Истории известны примеры того, как строгая организация слова становилась атрибутивным элементом всего национального духа.
Так, не в последнюю очередь именно воспитание речевой культуры, осознание требований риторики как некоторых общенормативных начал сделало Грецию тем, чем впоследствии она стала для всей Европы. Еще большую роль воспитание жесткой дисциплины слова, помноженной к тому же на чеканную стройность и строгость древней латыни, сыграло в становлении великого Рима.
Нет, не один только меч Александра спаял военное единство греческих городов в их порыве исторического отмщения персам. Куда как более развитые народы сплотили вокруг дикой Македонии вот уже десятилетия носившиеся в воздухе эллинской культуры фигуры идеологической риторики. Идея восточного похода давно уже стала идефиксом, и обратившемуся к ней как к практической цели уже было несложно подчинить себе строптивые греческие города. Нет, не одни только военные победы, но и общее организационное превосходство Рима над окрестными народами не в последнюю очередь обеспечивалось высокой степенью организации древней латыни и развитой дисциплиной слова, веками культивировавшейся его народом.
Известно, что во время решительных испытаний дух способен подчинить себе все позывы плоти. И это справедливо не только для отдельно взятого человека – точно так же дух целых народов может воспарять над материей. Концентрированное выражение этот дух находит в идеологии. Но не одна только идеология этноса – упорядочение форм знакового обмена также делает свой вклад в обеспечение высокой степени его сплоченности. А может, все обстоит и совсем по-другому: не столько идеология, сколько форма организации знакового обмена обеспечивают сублимацию этнического духа до степени единого экстатического порыва. Единство понимания всеми ключевых понятий своего времени, монолитность едва ли не рефлекторной реакции на одни и те же идеологемы
(И меч в крови носили по стране,
Как древний знак передавали.
Вставали все, увидев этот меч…)
обеспечивается отнюдь не собственным их содержанием, ибо полное содержание, как мы уже видели, может вмещать в себя все что угодно. Решающая роль в консолидации принадлежит впитанной поколениями людей парадигме слова; в собственно же лозунгах, способных поднять целые народы, концентрируется вовсе не национальная мудрость и уж тем более не совесть, но куда как чаще национальная ограниченность и национальная корысть. Да и содержание этих идеологем, как правило, сводится к чему-то простому и осязаемому.
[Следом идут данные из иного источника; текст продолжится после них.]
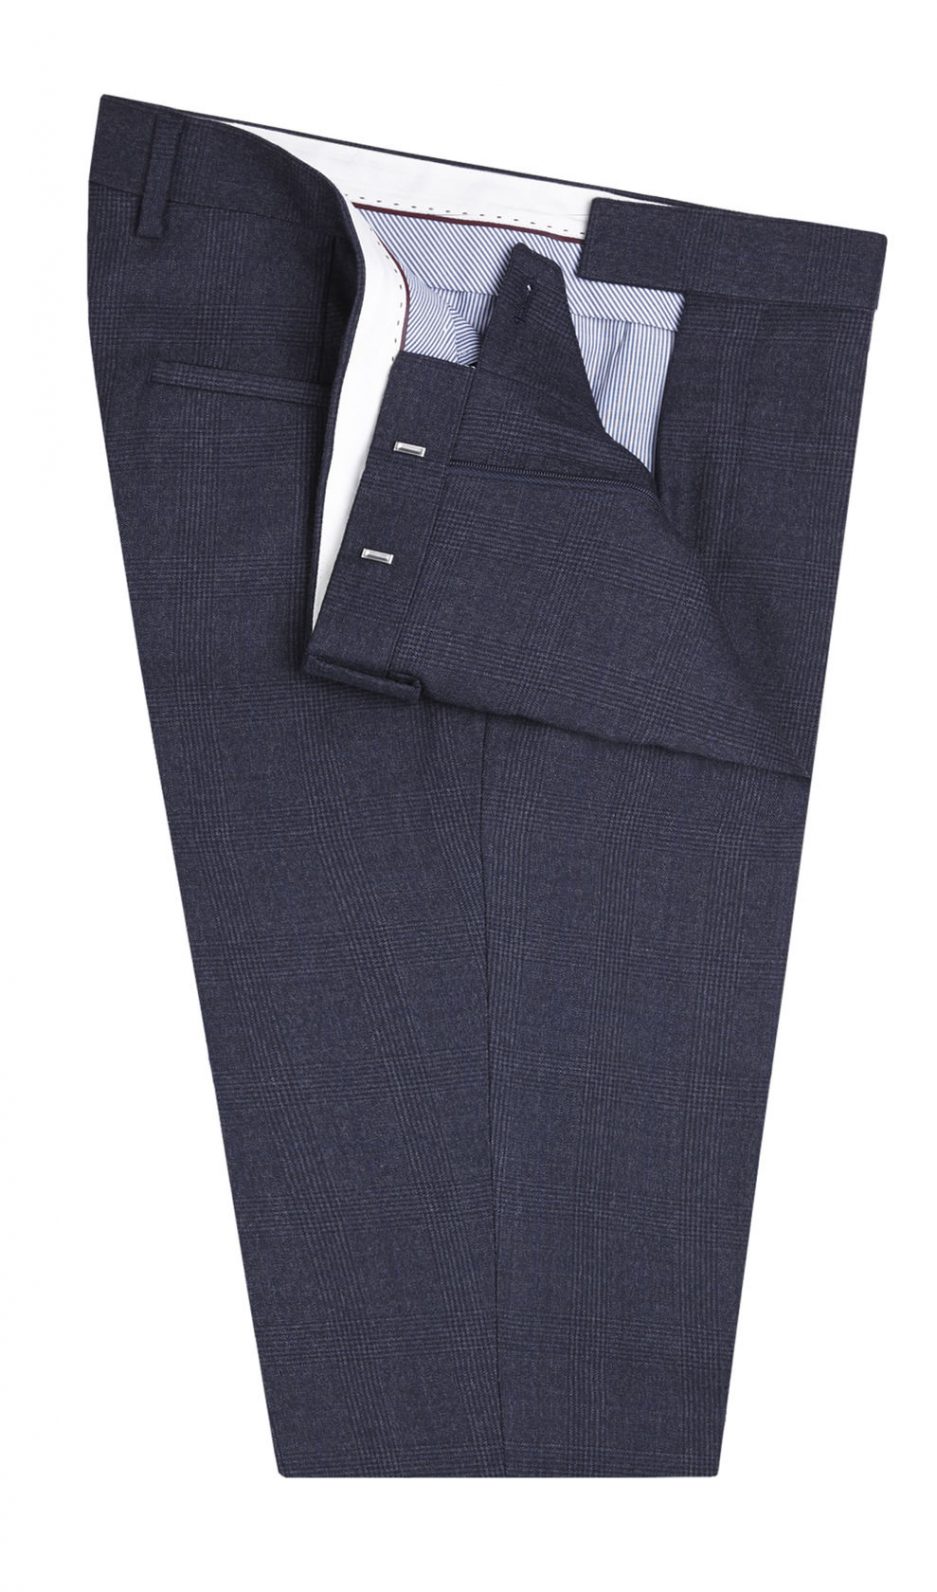 Shop mens dark grey cotton suit trouser, build customized suit trouser online. Lattest design & style

Культ Pax Romana, идея крестовых походов ради обретения гроба Господня, прибитые к дверям виттенбергской Замковой церкви тезисы Лютера, клич к "экспроприации экспроприаторов" – все это лишь в умах весьма тонкого слоя интеллигенции наполнялось каким-то возвышенным и глубоким смыслом. В сознании же масс неприхотливые фигуры этой примитивной, но, может, оттого-то и зажигательной риторики всегда были исполнены предельной – доходящей едва ли не до прямой осязаемости – конкретностью. Именно это и обеспечивало автоматизм и монолитность реакции на знак больших людских масс. (А пределом совершенства организации знакового обмена выступает именно слепая рефлекторность массовой реакции.) И в сущности все эти ключевые знаки, как верстовыми столбами разметившие историю двух тысячелетий, ничем не отличаются от доступного даже одноклеточным: "Сарынь на кичку!", "Аристократов на фонарь!" или "Бей жидов!". Там же, где вокруг ясных для духовного плебса лозунгов начинается какое-то интеллигентское умствование, все кончается расплывчатостью и дезорганизацией.
Так что в масштабе этноса единство восприятия и, что еще более важно, единство ответной реакции на ключевые знаки эпохи далеко не в последнюю очередь обеспечивается именно организацией самого общения. Вот только важно учесть, что и динамика развития языка не остается безучастной к господствующим речевым обрядам и ритуалам.
Вглядимся в общеизвестное.
На протяжении последних веков мы видим, что более динамичный и рациональный Запад диктует свою волю практически всему миру. Цивилизация, созданная европейскими народами, давно уже принимается нами за своего рода вершину, за эталон, сравнение с которым позволяет установить степень развития всех прочих племен и наречий. Но нет ничего ошибочней такого взгляда на вещи. Так, культуры Востока и Запада и в самом деле далеко отстоят друг от друга, но это отнюдь не отстояние каких-то незадавшихся "унтерменшей" от победительного племени "суперменов". Это принципиально разные культуры, и применять единую количественную шкалу для их сравнения друг с другом, их ранжирования – значит, проявлять элементарное культурологическое невежество. Зеленое не поддается количественному сравнению с глубоким, а горячее – с неправедным.
Правда, сегодня, под влиянием интенсивного информационного обмена, охватившего практически всю планету, происходит нивелировка многих отличий. Но все же и ныне многие национальные культуры столь радикально отличаются от европейского "стандарта", что даже невооруженному гуманитарным образованием глазу становится очевидным абсолютная недопустимость сопоставления их в рамках единой количественной шкалы, которая призвана ранжировать степень восхождения к некой единой для всех вершине. Что же тогда говорить об уходящих в глубокую ретроспективу веках, когда интенсивность межкультурного обмена была значительно ниже?
6.3. Зеркало письма
В известном приближении степень отличий, пролегших между носителями разных культур, можно разглядеть в отраженном свете развития письменности.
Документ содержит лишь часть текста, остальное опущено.